2inquisitive said:
Mylar. Where did THAT come from? Oh, I know, you pulled it out of your arse like so much of your 'debunking' material.
Actually I got it from the Government Accounting Office. They published
The Roswell Report: Case Closed and it was on page 104. Look for the chemical name of the balloon material, which is called polyethylene. Mylar™ is the brand name for DuPont's polyethylene terephthalate. It was publicly available in the 1950s and therefore not a "common materials of the day" as Starman and VRob would like to believe. It's likely that there were other materials or gear on the balloons and payloads that a Cold War government would like to keep from being common knowledge -the kind of things that we wouldn't want Soviet analysts attempting to draw conclusions or inferences from. But the real question might be why you are interested in what might or might not be in my arse.
That the materials weren't "common of the day" is important, because it would explain why they weren't immediately recognized by the people who found them. If you came across a torn up Mylar balloon today, you would likely recognize it as the sort you'd find in Walmart, even if it didn't say "Happy Birthday" and sport an image of
My Little Pony. But in the late 1940s and early 1950s, this sort of material would have been as alien as if it came from another world.
2inquisitive said:
Why not just state the balloons were made of 'secret carbon nanotubes' and make it sound real impressive.
Two reasons: 1) I don't know what a 'carbon nanotube' would be and, 2) the officially released information states that they were polyethylene, otherwise known as Mylar.

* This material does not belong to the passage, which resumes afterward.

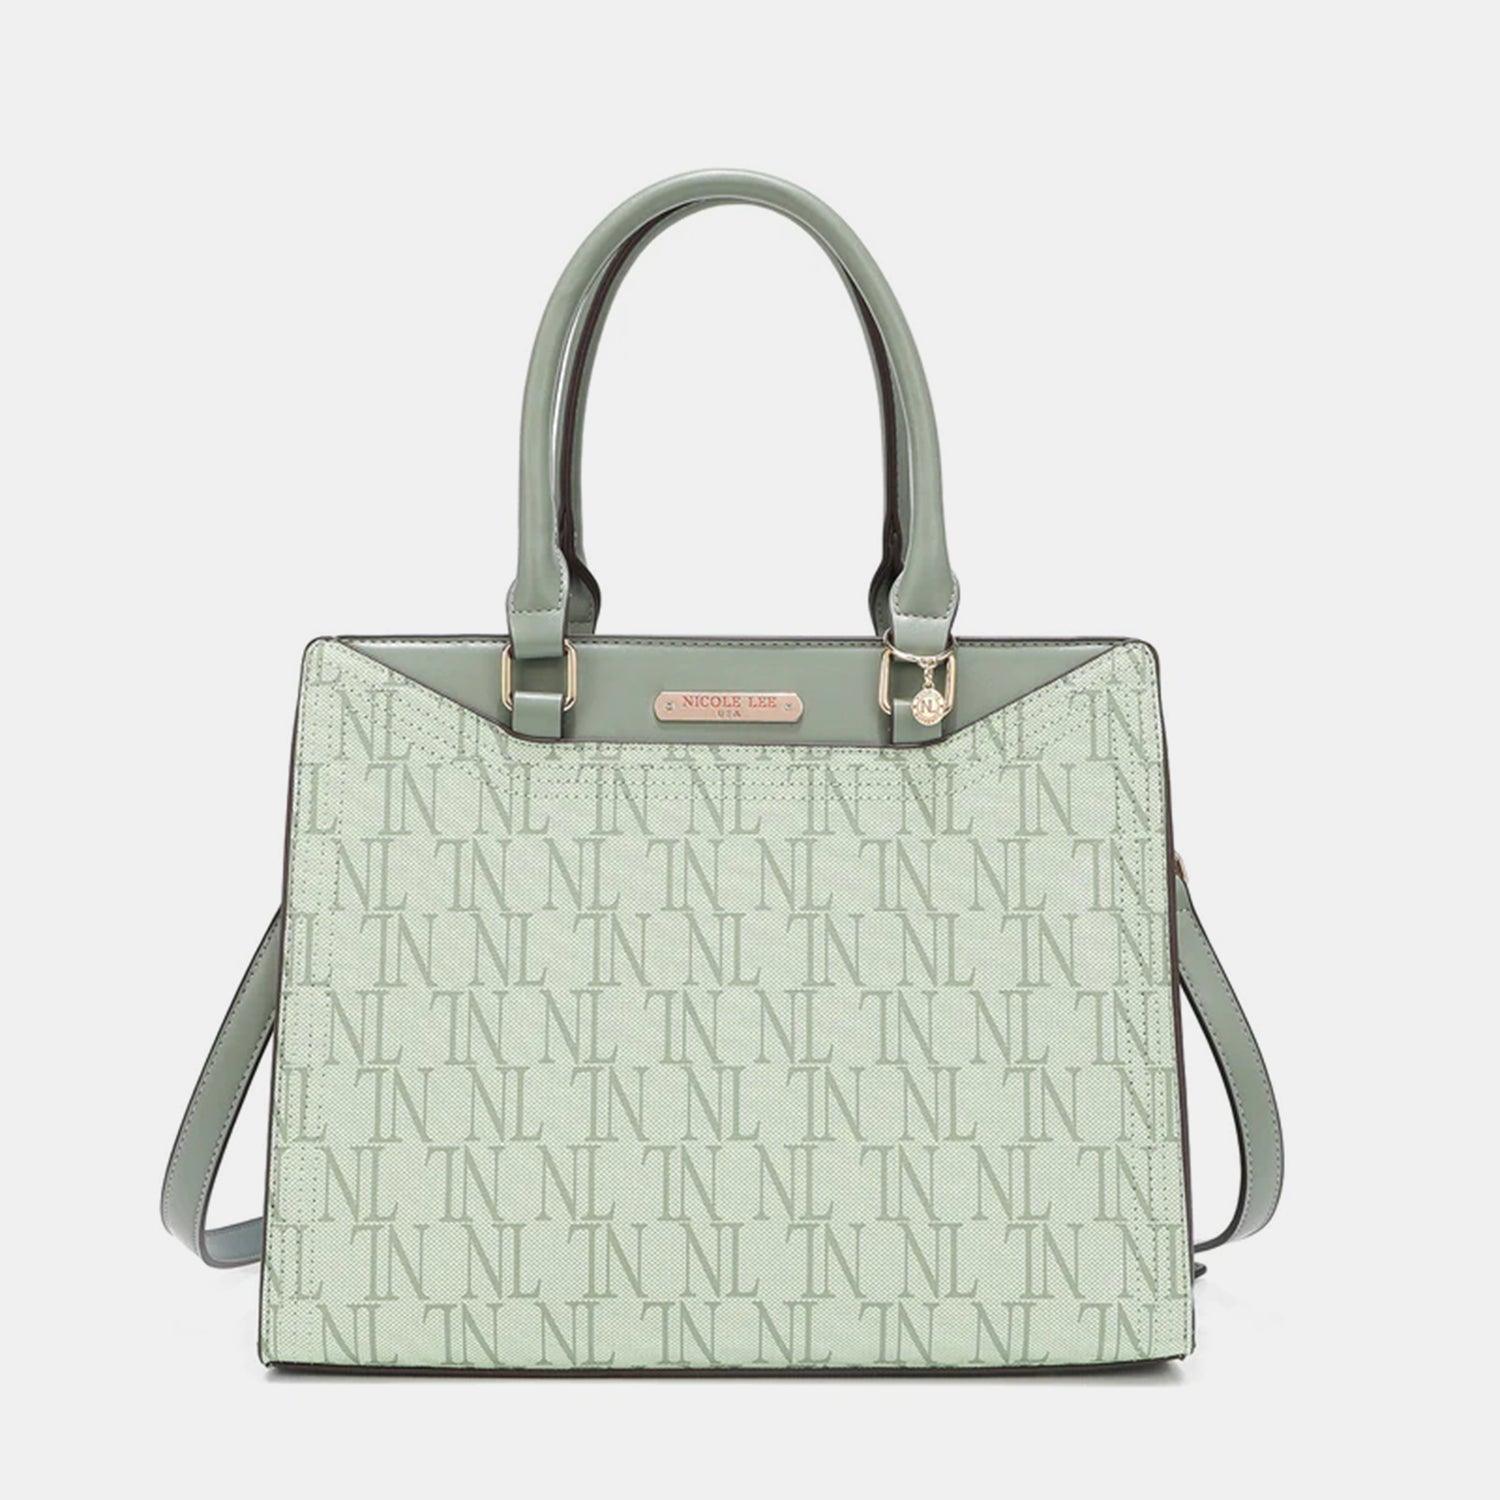 a green handbag with a logo on it

After all, neither Mylar nor carbon nanotubes existed in 1947.
Ahem:
Read this PDF and note how Mylar™ was
introduced to the public in the early 1950s. Roswell occurred in 1947. Moreover, the GAO states in its own report that the material was polyethylene (a.k.a. Mylar™ ).
2inquisitive said:
It takes about 60 seconds on google to find out
... that the internet is
popular culture, not necessarily the end all, be all of information. Look past the woo-woo sites into the primary sources for a change. i.e. DuPont, Inc. and the GAO. Oh... yeah, you don't trust the government. Oh well.

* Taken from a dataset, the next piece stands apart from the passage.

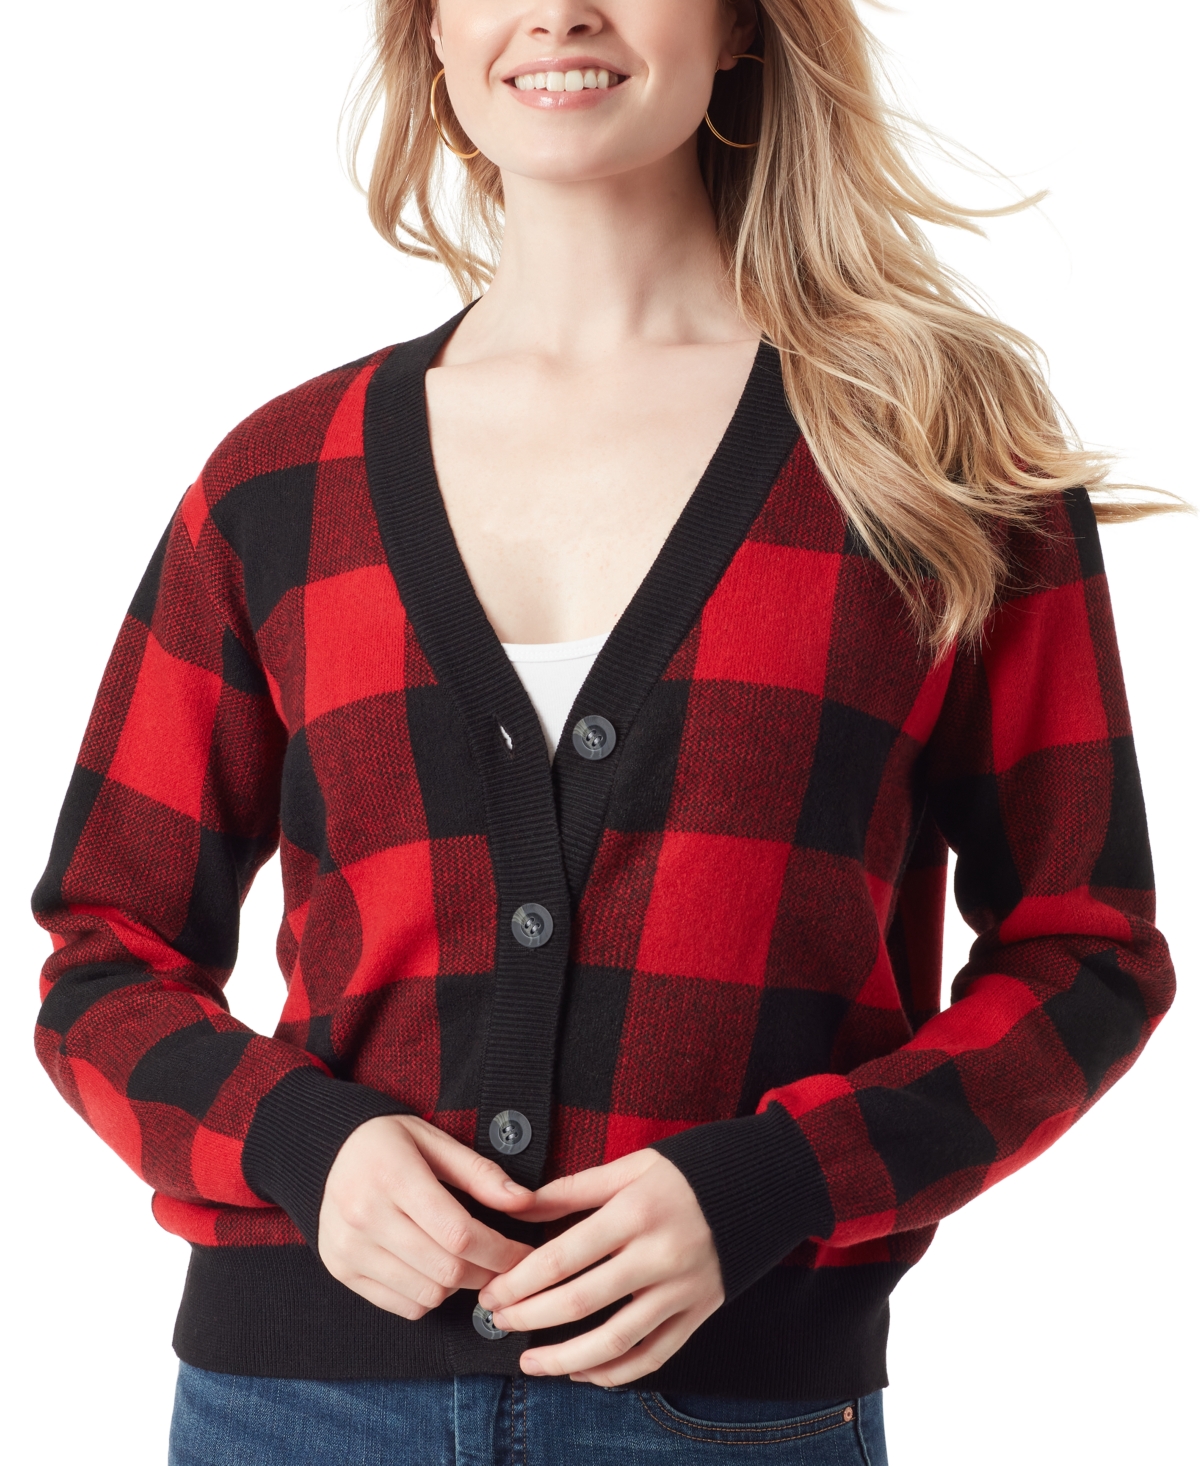 Jessica Simpson Women's Buffalo Plaid Jacquard Button-front Cardigan Sweater In Claret Red-buffalo Check

The problem with rubber balloons was that they
expanded as the gas expanded, thus bursting as they gained altitude. The polyethylene/Mylar balloons didn't. Altitude was what was important, since the goal was to gain as high an altitude as possible. Perhaps the earlier balloons were, indeed, constructed of neoprene, prompting the use of the new material of Mylar. But let's not overlook the fact that Roswell is near the White Sands Proving Grounds, just where you would expect such operations to occur. Perhaps the
Case Closed reference (p. 104) is in regard only to Operation High Dive, but the difference in time is negligible and because of the altitudes Operation Mogul was attempting to achieve, just neoprene wasn't going to work. The Operation Mogul balloon series may have had a combination of neoprene and polyethylene since they used a "string" of balloons and the Mylar™ balloons weren't filled to capacity in order to allow expansion of the gas. The neoprene balloons may have been used to provide initial lift.

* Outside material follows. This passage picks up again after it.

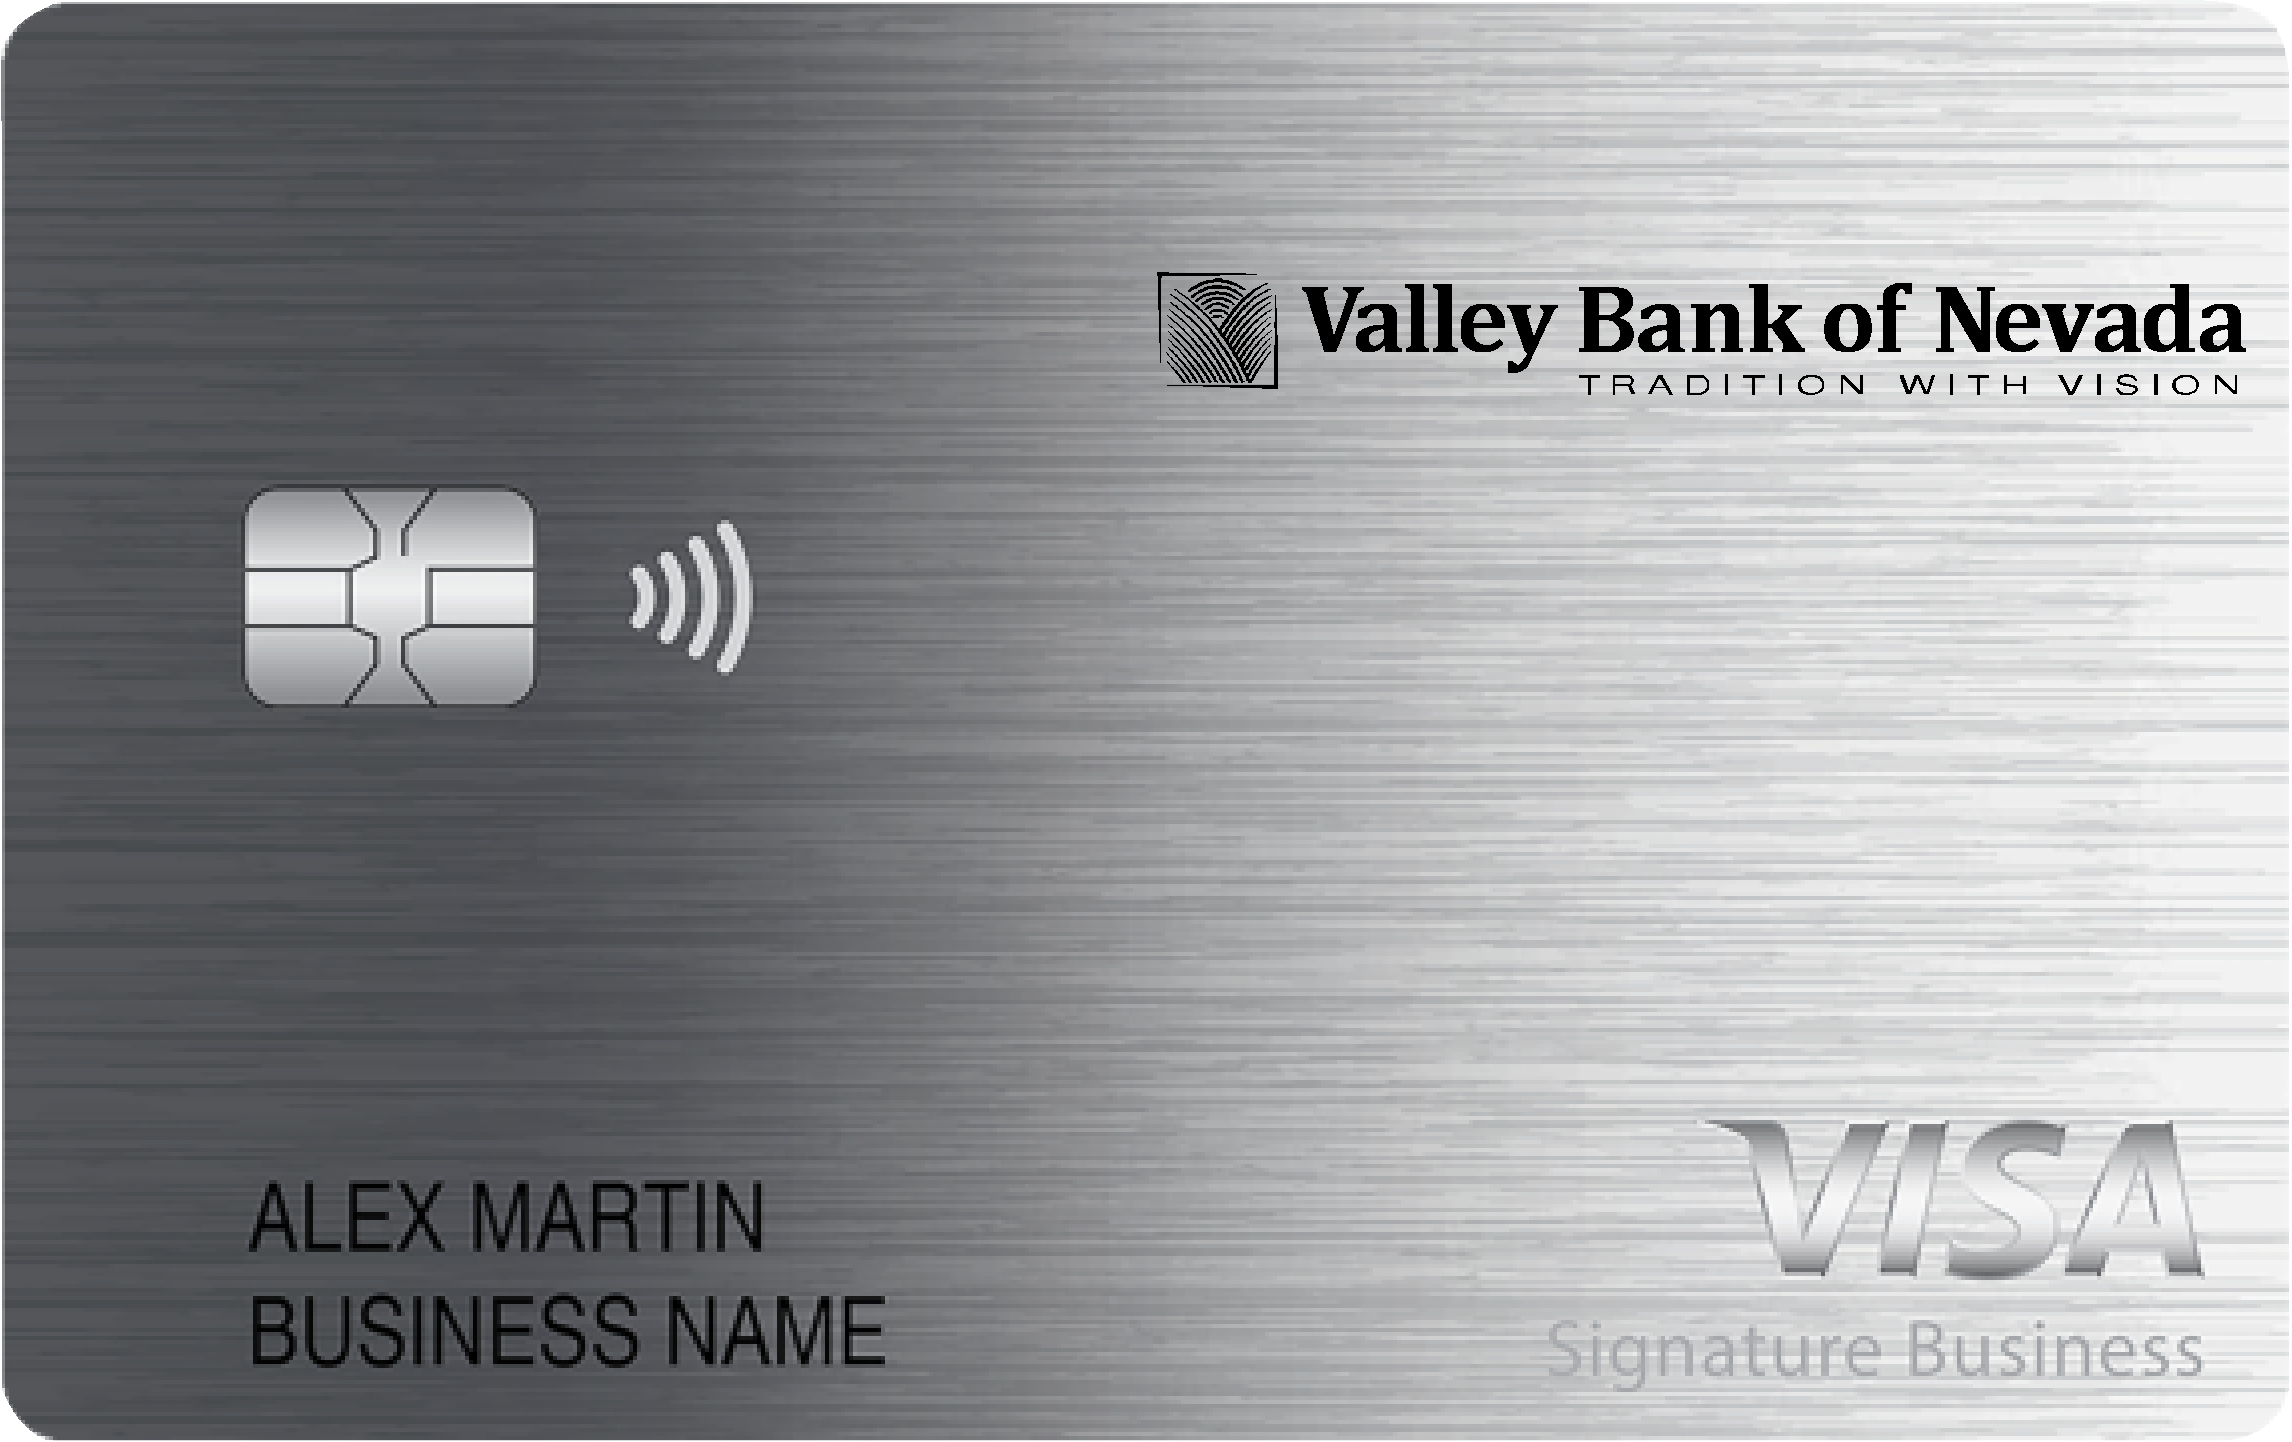 Valley Bank of Nevada Smart Business Rewards Card

There are a lot of possibilities regarding Project Mogul and Project High Dive as far as operationally how they were done and the appearance of the debris they left. What is certain is that these types of missions were conducted. First, we have photographic record as well as some operational records as released by the Department of Defense, GAO, et al, which depict these operations. Second, they are exactly the
kind of operations that would have been necessary in a post-WWII, Cold War United States in order to gain intelligence and improve flight technologies.
That people perpetuate the
mythology surrounding Roswell isn't surprising. Humans live for a good myth it seems.